Science and I are getting along better these days.

Growing up, and far into adulthood, I never enjoyed science.  It was too…unpredictable.  And it never failed that what I expected to happen, did not in fact happen.  This frustrated me to all ends.  Now, I find myself having to teach it.  Lord have mercy, and He has.

My husband has a scientific mind.  The type that are never satisfied with the activity at hand, but has the innate ability to ask the inevitable, “What if we did…”.  This is also how Builder thinks and revels in getting to do science activities with Daddy.  However, doing science each week with Daddy doesn’t exactly work well into our schedule.  So though it works every now and then, we needed a different solution for a more consistent science experience.

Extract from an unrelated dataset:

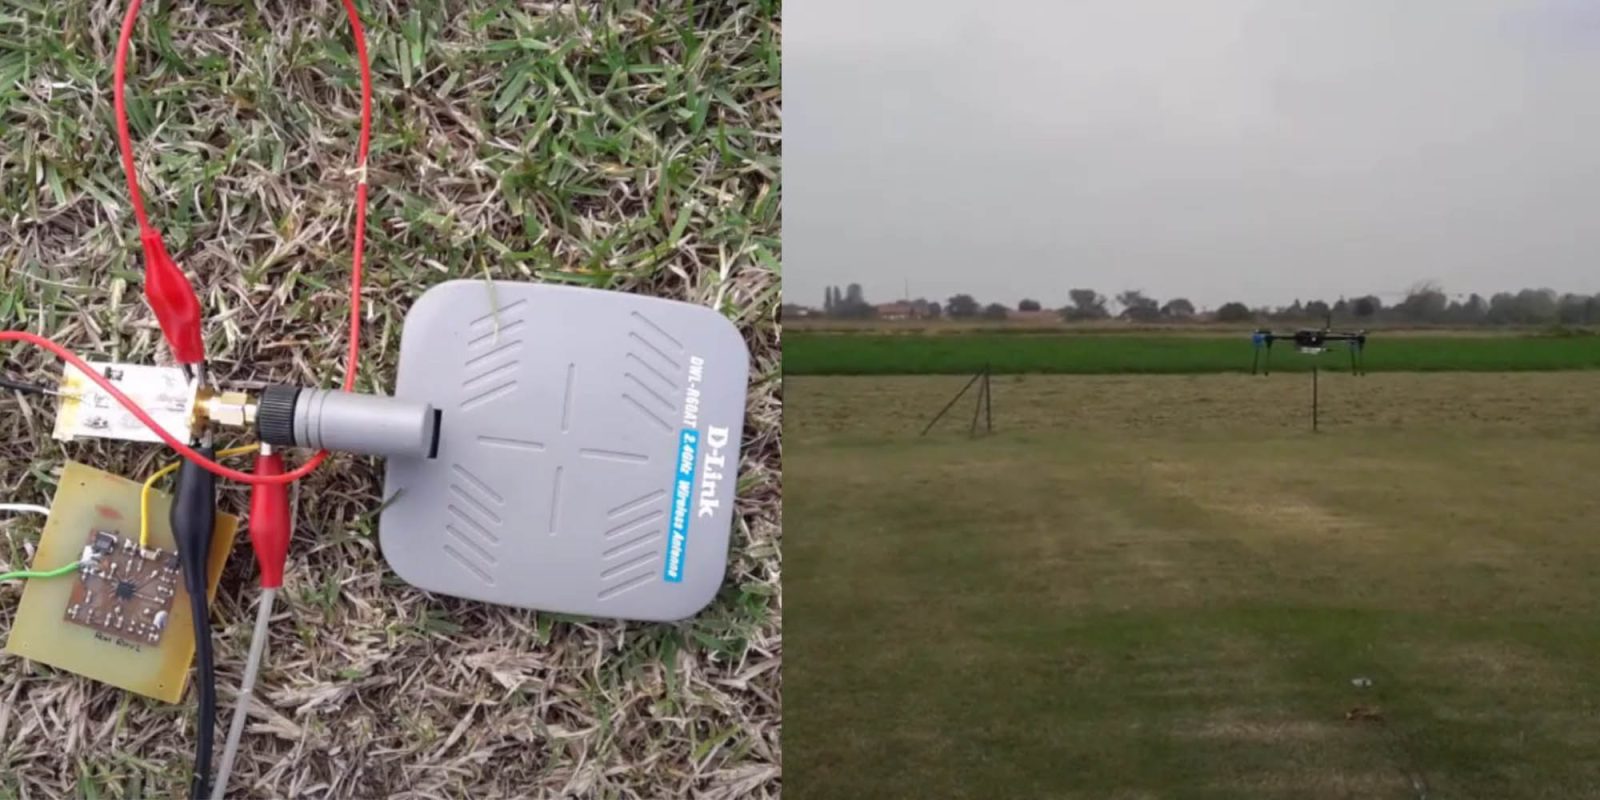 drone charge wake sensors radio waves

So, I have pressed on and pressed into the Lord to help me in this area.  One of my realizations is that science truly sets you up to continue learning.  There is no failure in science, only an opportunity to learn more.  In the past, every time my outcome did not match my expectation I became frustrated at my “inability to do science”.  Now I realize when something doesn’t work out as expected, we get to figure out why.  This leads to a much deeper understanding of the topic at hand.

Now that I wasn’t scared of, or even angry with, science I was better equipped to decide how we wanted to approach it.  We did some individual units found here and there on the web.  However, I really felt like I was shooting in the dark when it came to a forward motion in science.  We were just kind of hit-and-missing.  Recently, I found MysteryScience.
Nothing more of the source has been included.